Naquela manhã eu era para jogar a médio-centro. Fiquei logo aborrecido porque faltou não sei quem, o tipo que mandava e que depois esteve em Macau com o Melancia e que vinha jogar directamente do "Twin's" queria jogar a ponta de lança, ao tipo que era defesa do Paços de Ferreira-B deu-lhe para cismar que queria ser médio-centro, houve sururu interno (até as chuteiras foram motivo de controvérsia no balneário mas eu fiquei com as que queria, ao menos isso) e, quando penetrámos o "ervado", nós, os talentosos alunos do 2º ano de Medicina, íamos de trombas uns com os outros. E eu com o nº 2 nas costas. Defesa direito.
Os do 4º ano não sei se tiveram discussão entre eles. Sei que o Malaquias, preto da Guiné, era o 11. Ou seja, aquele era comigo. Extremo esquerdo. E ele ria-se muito, estava sempre a rir-se, mesmo no 01, lá no S. João, entrada e pousio de estudante, os dentes lhe brilhavam. E tinha pinta de "boleiro".

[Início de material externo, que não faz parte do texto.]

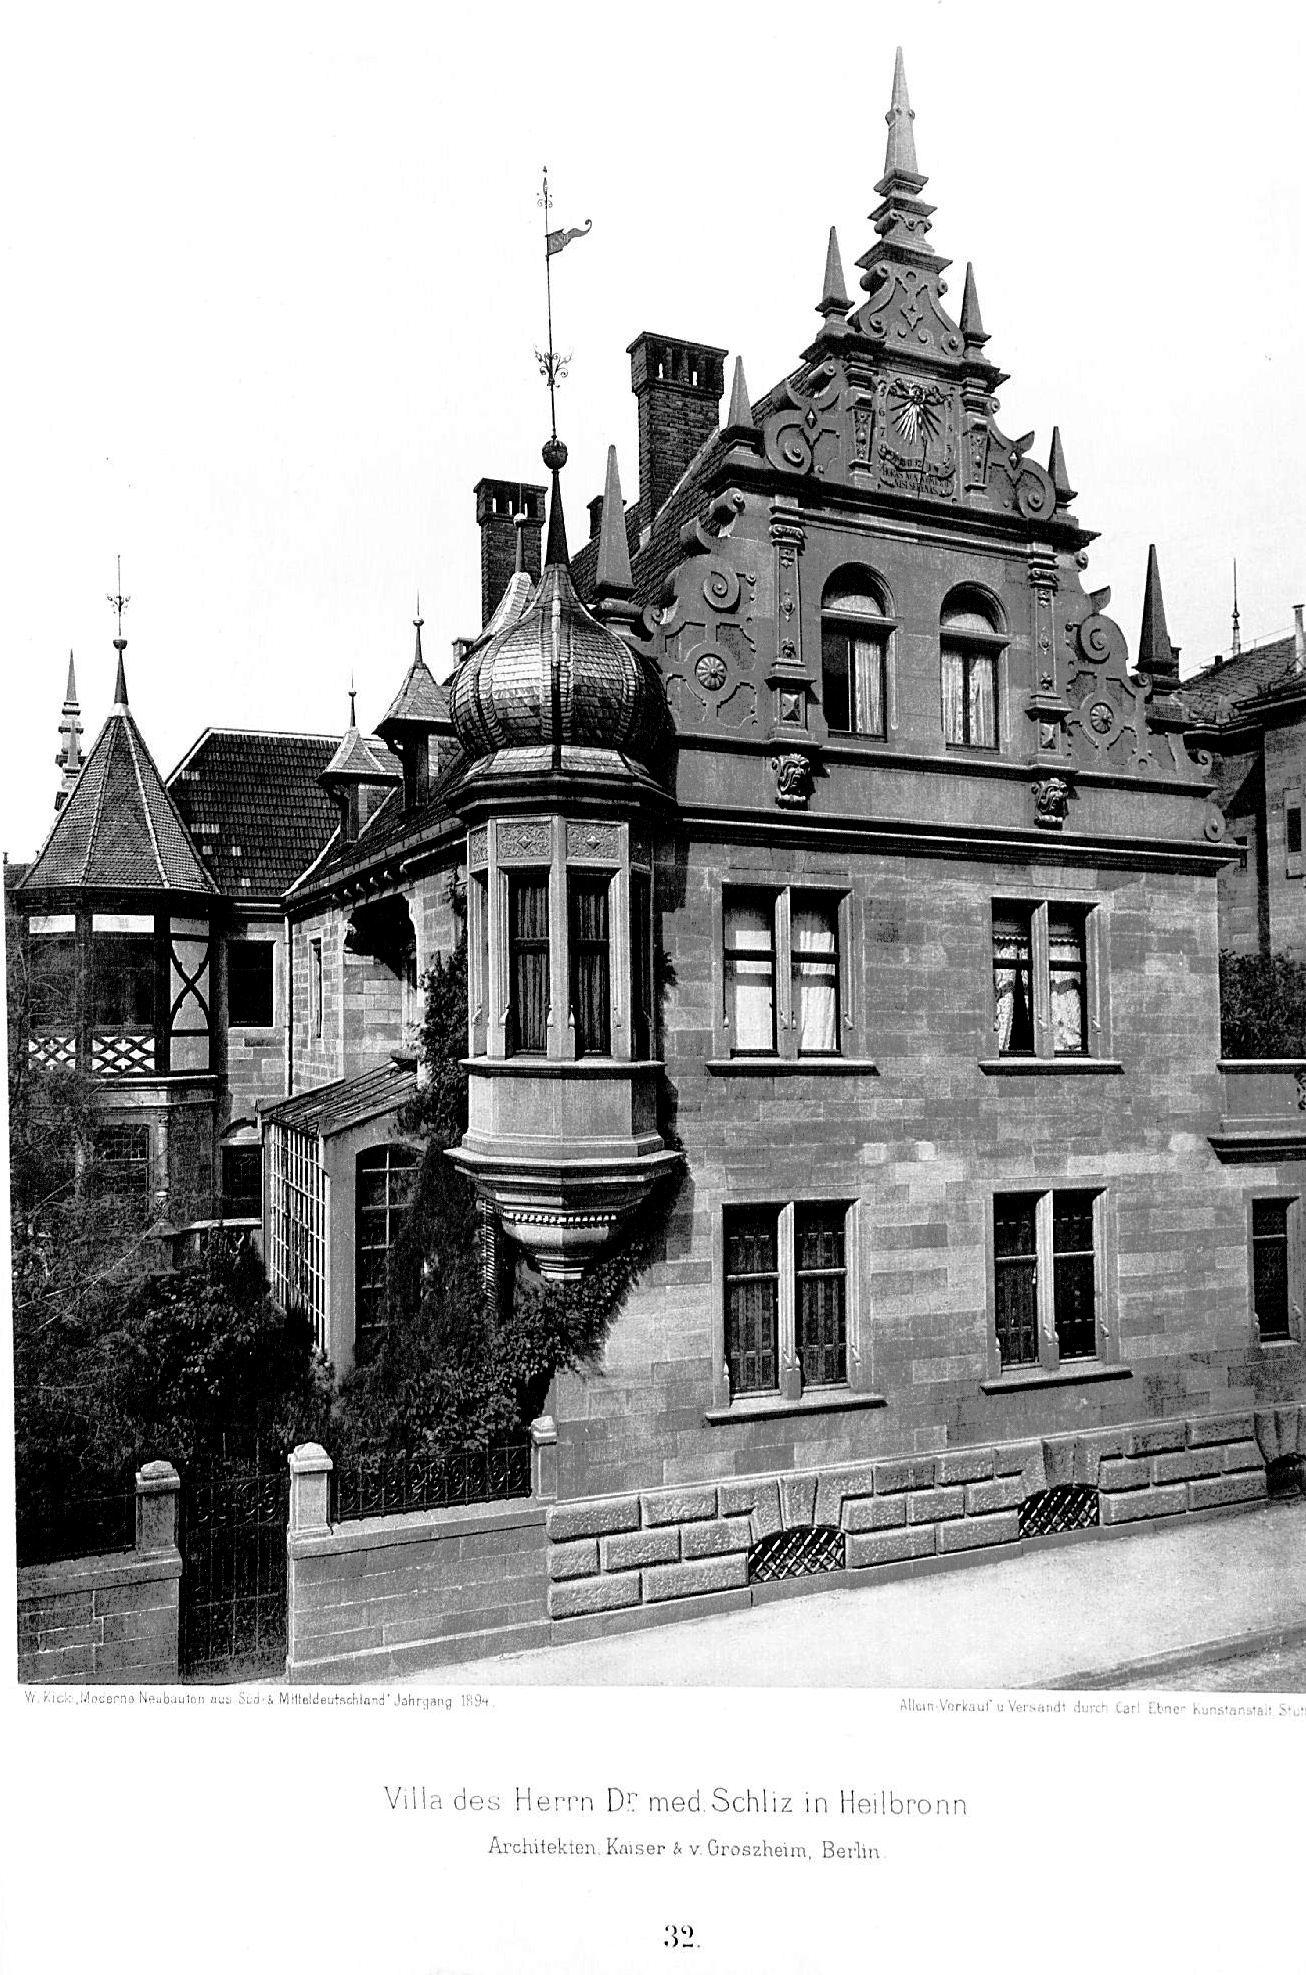 Architekten Heilbronn file villa in heilbronn architekten kaiser v groszheim berlin

E estava sempre a rir-se. Riu-se para mim e tudo, à entrada, mas eu só lhe grunhi, porque ainda estava amuado com o tipo que era o dono "da nossa bola", esse que nem sei se acabou o curso, mas depois foi para Macau, isso sei, altos cargos, encontrei-o de fato e gravata (ele) num Leixões - Sporting, anos mais tarde, no tempo do Jorge Gonçalves, ganhámos lá 2-0. Naquele dia estava ali a ponta de lança chefe, sem ter dormido, mas mandava, era da Associação. Não ganhou uma puta duma bola, mas cuidado com ele, se calhar ainda hoje.

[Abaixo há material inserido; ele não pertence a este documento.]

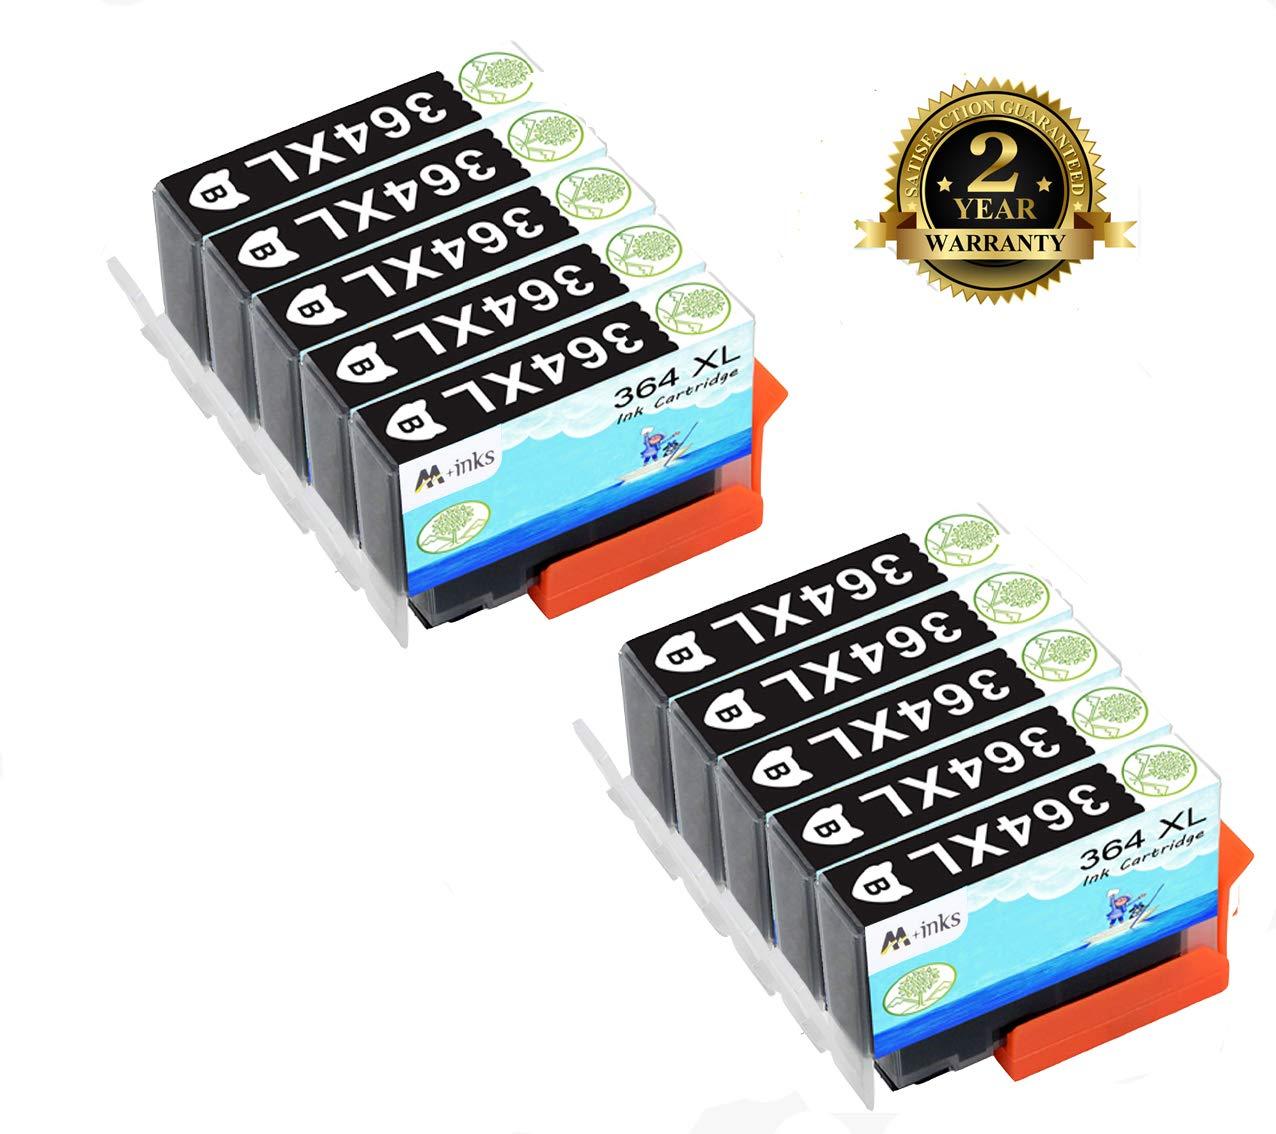 AA+Inks - Cartucho de Tinta de Repuesto para impresoras HP 364 HP ...

Ganhámos 3-2. Marquei um golo, já na fase final do "fé em Deus", uma espécie de "ao calhas" na sobra dum canto.
Mas nos primeiros quinze minutos, eu a defesa direito e encarregado do Malaquias, com relva curtinha para ambos (do outro lado é que estava a vegetação de quintal), valha-me Deus.

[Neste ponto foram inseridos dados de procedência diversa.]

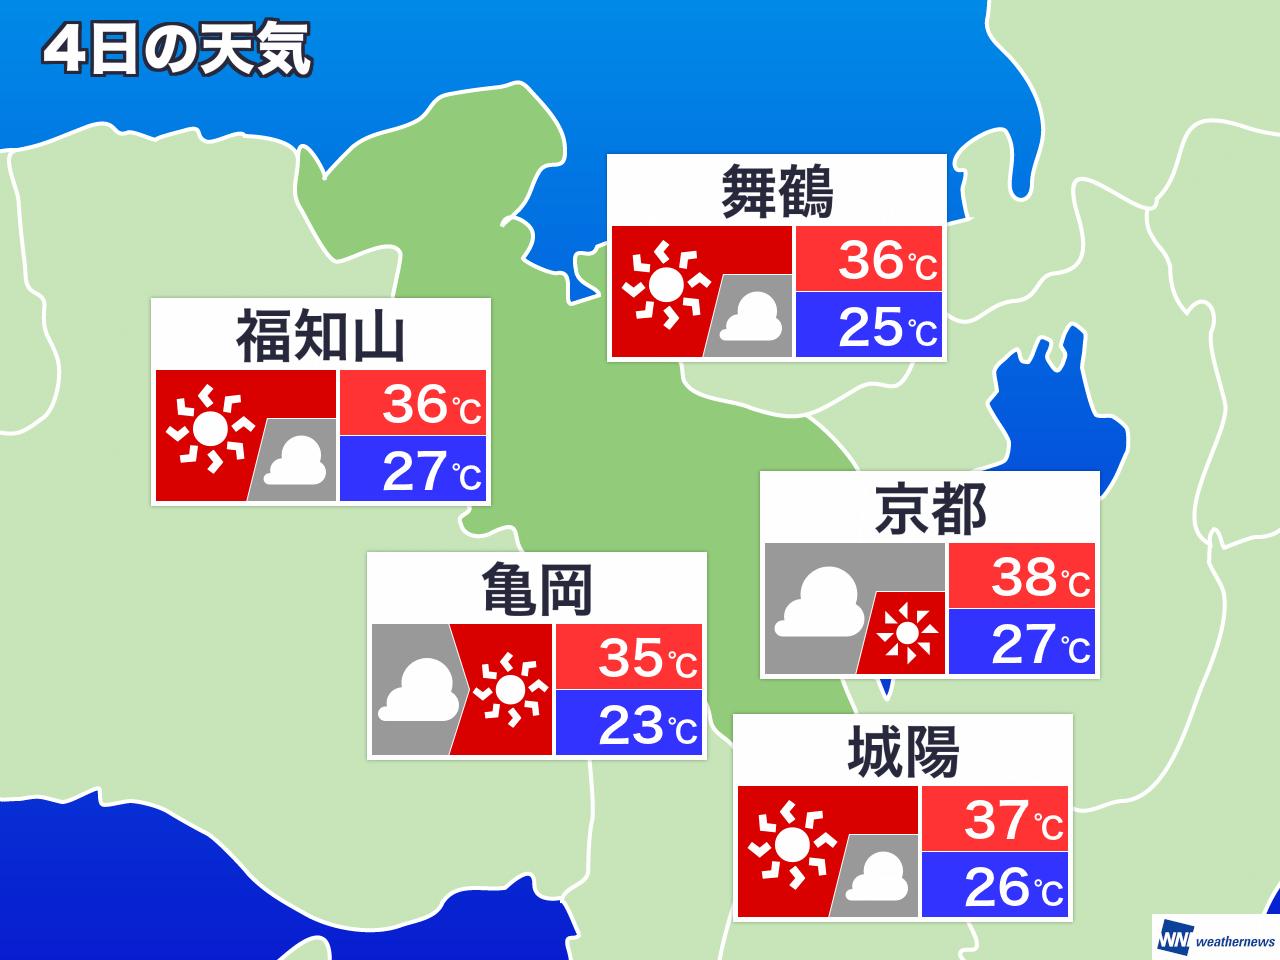 新発田 市 の 1 時間 ごと の 天気 現在地周辺のピンポイント天気予報 - ウェザーニュース

O Malaquias estava sempre de tacha arreganhada. Vinha pela linha e simulava para dentro, depois ia por fora, ficava eu escarranchado para dentro. Vinha de dentro, simulava para fora, seguia mais para dentro ainda e deixava-me a deslizar pela lateral num ranger de dentes. Eu tinha de acabar com aquilo, até porque havia putedo loiro que já se ria de mim, só podia ser de mim, na bancada, de maneira que decidi apontar-lhe às canetas sem olhar demasiado para a bola. Eu não podia berrar para o putedo "olhai que eu não sei jogar aqui, a defesa direito, muito menos com este nharro!", de maneira que o fui tolhendo.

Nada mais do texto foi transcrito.